Re: Ascertaining amount of "original" code across files/repo

Junio C Hamano <gitster@xxxxxxxxx> · Mon, 23 Oct 2017 11:04:49 +0900

Thomas Adam <thomas@xxxxxxxxxx> writes:

> What I did was first of all ascertain the number of original lines in each of
> the files I was interested in:
>
> 	for i in *.[ch]
> 	do
> 		c="$(git --no-pager blame "$i" | grep -c '^\^')"
> 		[ $c -gt 0 ] && echo "$i:$c"
> 	done | sort -t':' -k2 -nr

Another approach I've used when I was curious how many among 1244
lines Linus originally wrote for Git in 2005 remains in today's
codebase goes the other way [*1*].

The "reverse" approach makes use of the -S option of blame to
fabricate a hypothetical history where the very initial version of
Git is today's version, and then there is another version that was
built on it (eh, rather reduced out of it) which is Linus's
original.

	$ git tag initial e83c5163316f89
	$ cat >fake-history <<EOF
	$(git rev-parse initial) $(git rev-parse master)
	$(git rev-parse master)
	EOF

The list of files that Linus had in his original can befound out
with:

	$ git ls-tree -r --name-only initial

and you can iterate over them with a command like this:

	$ git blame -Sfake-history -s -b initial -- cache.h

a brief commentary of the options:

 * "-Sfake-history" option points at a fake-history file, which uses
   the same format as the "graft" file, to establish the fake
   ancestry.  The first line claims that the Linus's 'initial'
   version has only one parent, which is our current version
   'master' (in reality, Linus's 'initial' version did not have any
   parent, of course).  The second line claims that our current
   version 'master' is a root commit without any parent.

 * "-s" squelches all metainformation other than commit object name
   from the prefix of each line; "-b" further blanks out the commit
   object name of the "root" commit---note that in this fake
   history, our current state in 'master' is what is blanked out.
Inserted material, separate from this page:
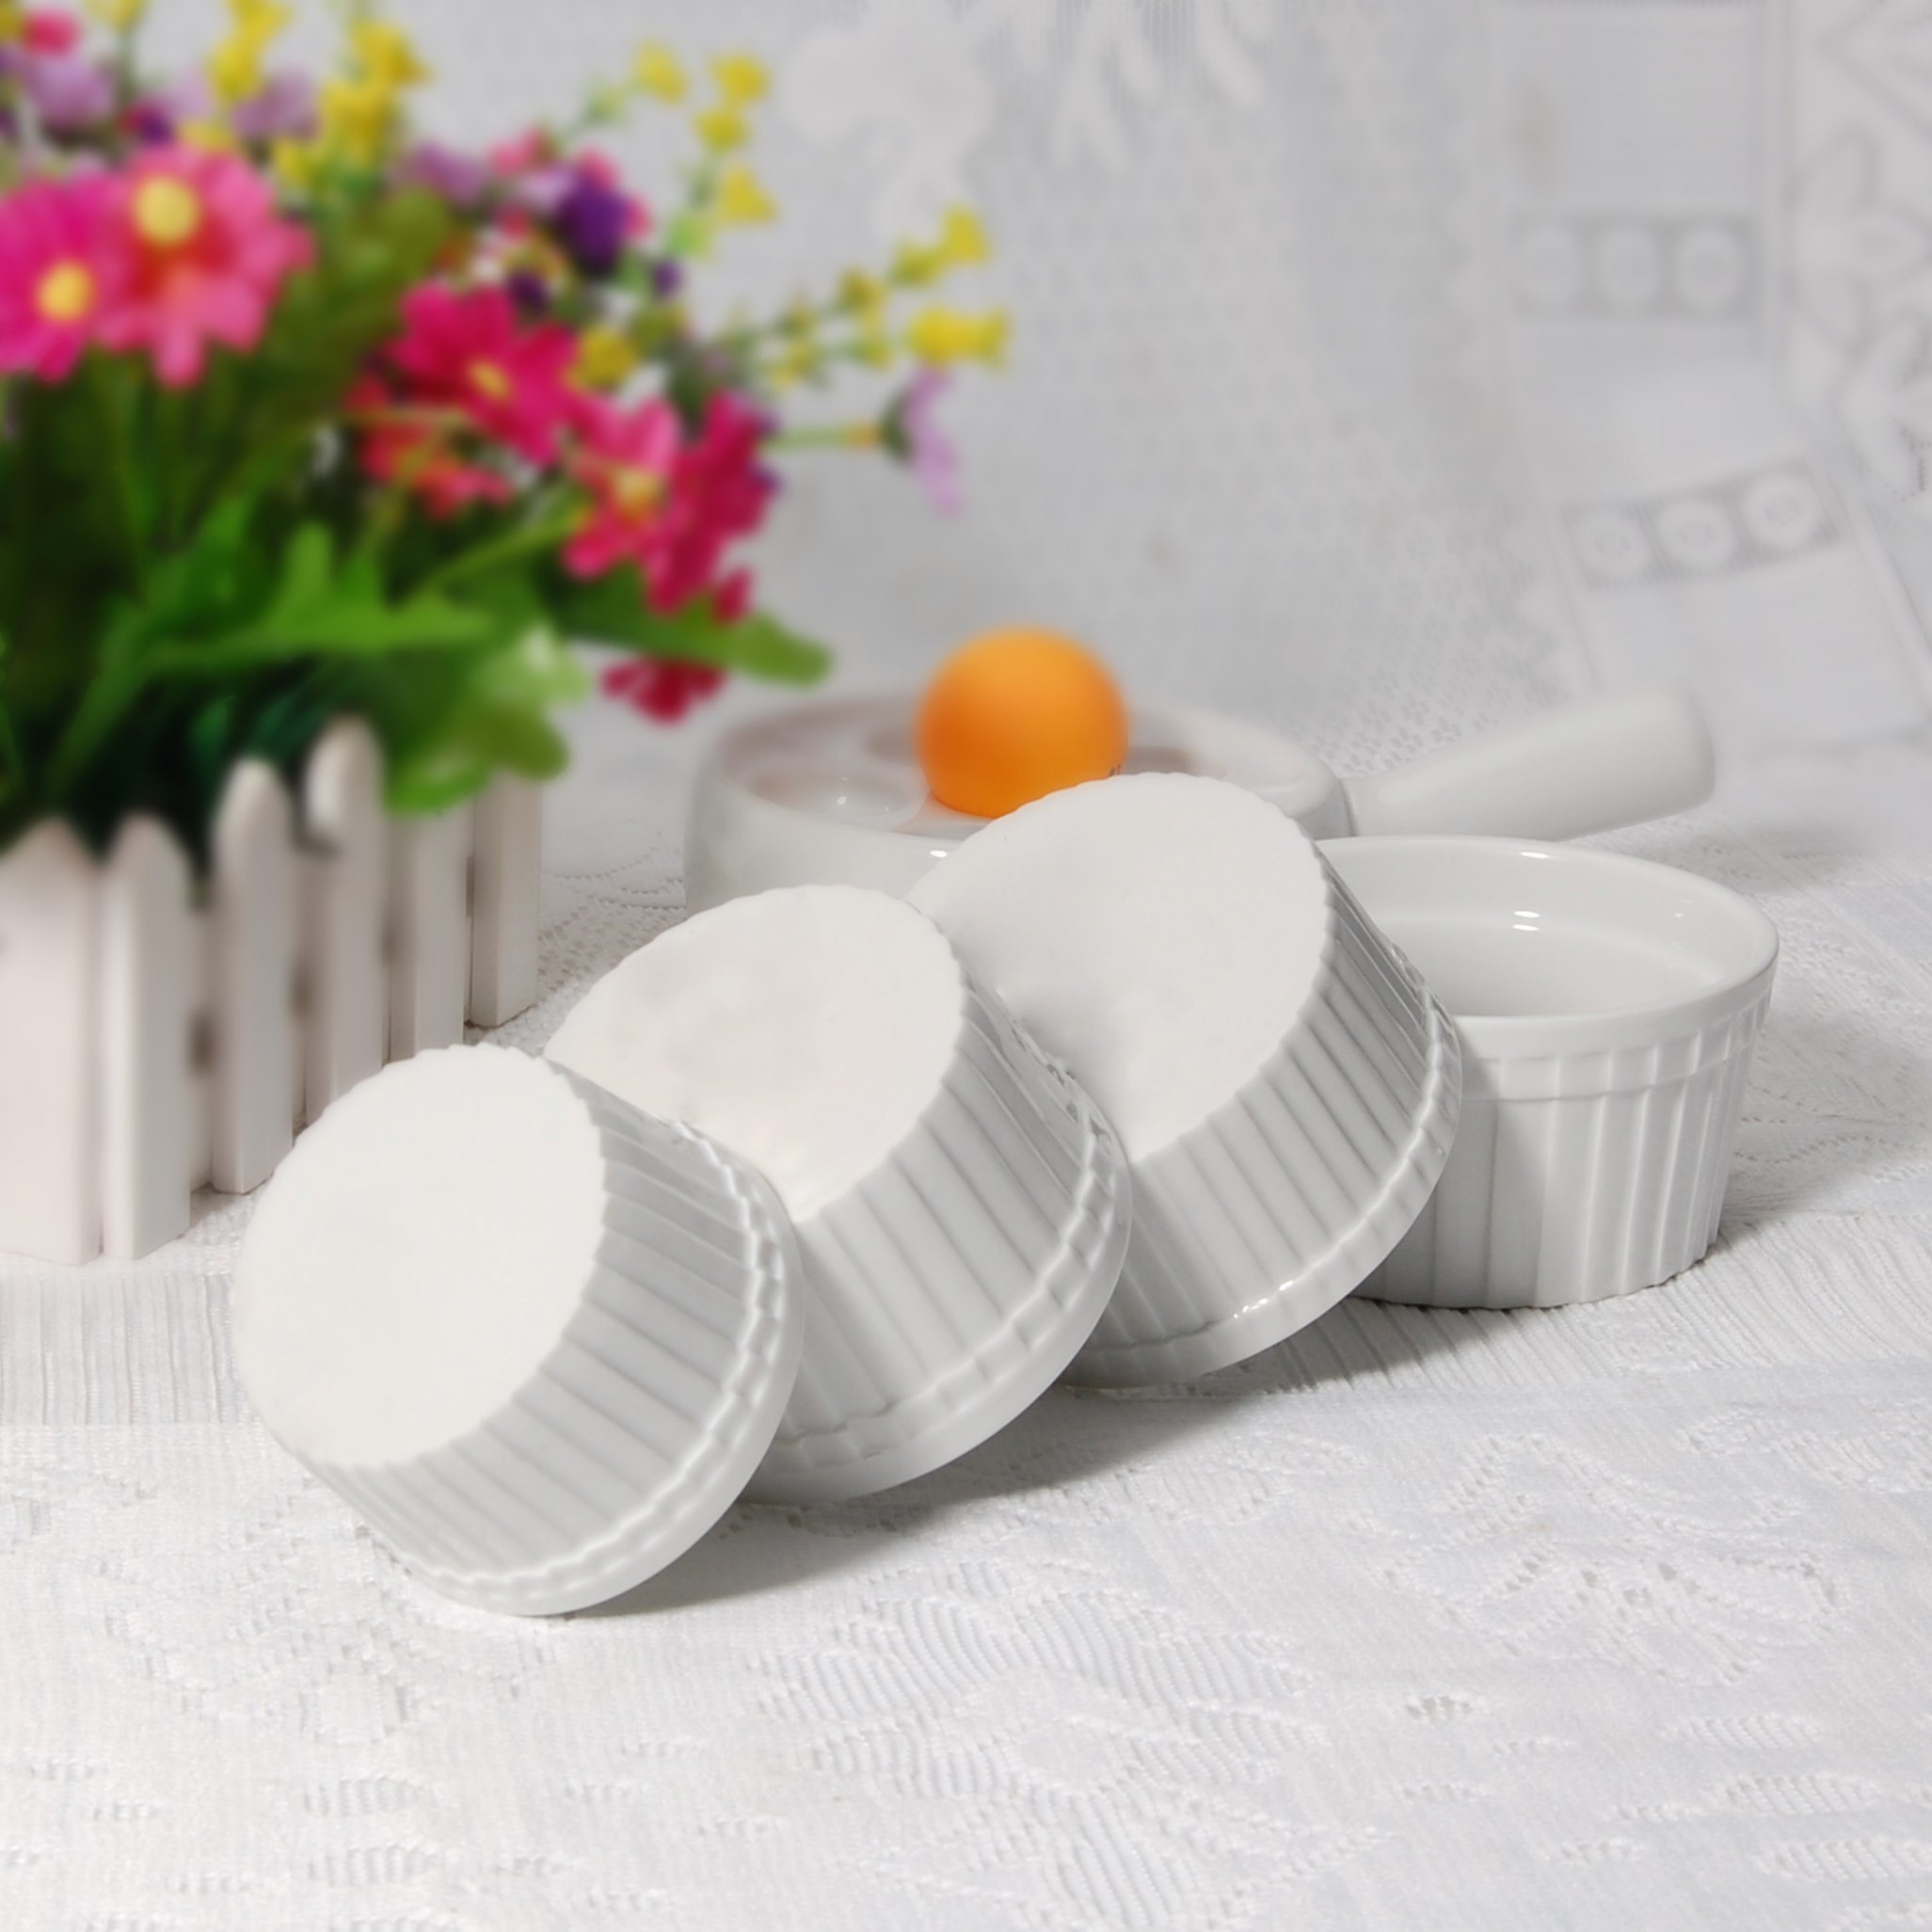 China Wholesale Kitchenware, Porcelain Hotel Round Bowl of All Sizes

The output may start like so:

                     1) #ifndef CACHE_H
                     2) #define CACHE_H
                     3) 
        e83c5163316  4) #include <stdio.h>
        e83c5163316  5) #include <sys/stat.h>
        e83c5163316  6) #include <fcntl.h>
        e83c5163316  7) #include <stddef.h>

The idea is that a line that is blamed to the "root" commit
(i.e. blank prefix) is what survived since Linus's version down to
our current version.  In the fake world, Linus started from our
today's version and ended up with the same result in his version for
these lines.  A line that is blamed to e83c516 is something we do
not have in our today's version that is "added" by Linus in this
fake world---that in reality is what we "lost" from Linus's original
over time.

By adding -M and -C on "git blame" command line, you'll find more
lines that survived over time from Linus's original by getting moved
around inside the same file and across file boundaries.  By adding -w,
indentation-only changes would also be ignored.

I am not judging which is more correct to go in the forward
direction like your approach does or to go in the reverse, as I
haven't thought about it deeply enough.

[Reference]

*1* https://docs.google.com/file/d/0Bw3FApcOlPDhMFR3UldGSHFGcjQ/view

    Slide #11 was created using the above method.